Die Schulleitung der Lottenschule habe auch bisher schon ihren Kindern ermöglicht, an Sport-, Musik- und Schwimmkursen außerhalb der Schule teilzunehmen, teilt die stellvertretende Leiterin Lydia Schwamborn-Weiß mit. Etwaige Befreiungswünsche wurden zum Schulhalbjahr abgefragt. In der Vergangenheit sei es aber oft zu Konflikten gekommen, wenn diese Angebote vor 15 Uhr begangen und die Kinder dann aus ihren Gruppen gezogen wurden. Um die Abläufe nicht zu stören, sei das Kind dann lieber direkt nach Unterrichtsschluss entlassen worden.

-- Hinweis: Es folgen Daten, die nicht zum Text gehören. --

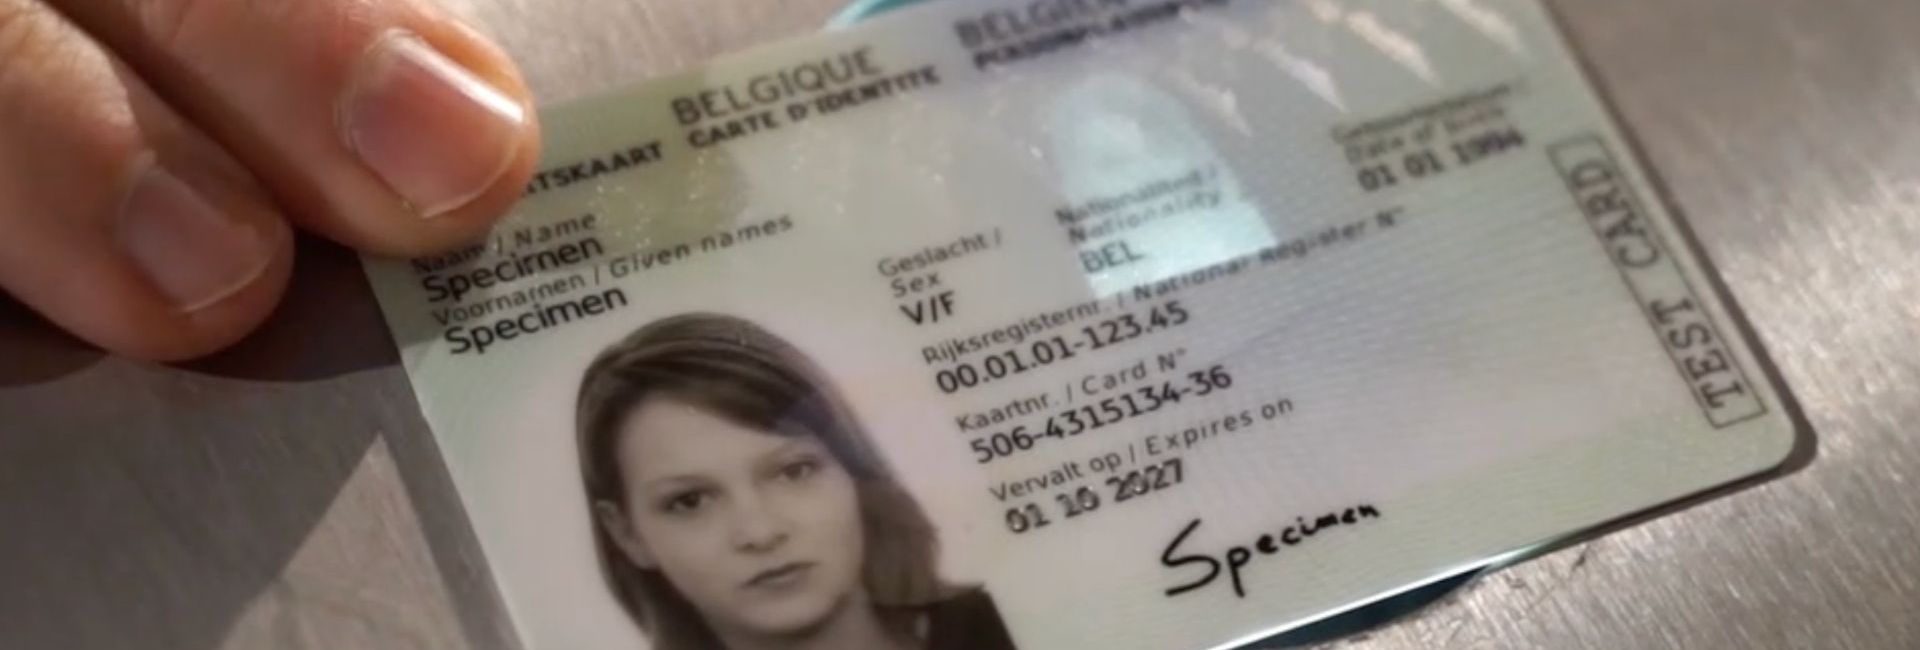 carte-identite-belgique-mention-du-genre

Während man bisher solche Sonderwünsche großzügig, ohne Nachweise zu verlangen, zugestanden habe, sei das bei kurzfristig vorgetragenen Anfragen oder einer generell unregelmäßigen Teilnahme problematischer. Wenn eine Familie auf diese Weise erkennen lasse, dass kein regelmäßiger Betreuungsbedarf besteht, würde der Platz lieber an andere Familien vergeben, es gebe eine Warteliste.
Der Erlass werde wegen der Pflicht zur sofortigen Umsetzung zu viel Verunsicherung bei den Trägern der Offenen Ganztagsschulen führen, glaubt Peter Heimann, Leiter des Bereichs Schule in der Stadtverwaltung, weil Befreiungen aus organisatorischen Gründen zum Beginn des Schuljahres kommuniziert werden. Andererseits widerspreche die in dem Erlass betonte Verpflichtung, die Kontinuität der Angebote sicherzustellen, einem freien Fliegen. „Es wird kein permanentes Rein Raus aus den Angeboten geben“, sagt er. Mit der Bildungspausschale versuche die Stadt immerhin, ein gutes pädagogisches Angebot in der Offenen Ganztagsschule vorzuhalten, in das viele örtliche Vereine eingebunden sind. Er hält es daher für fraglich, dass es sich künftig für die Sportvereine lohnen könnte, Übungsleiter für Termine vor 16 Uhr zu verpflichten.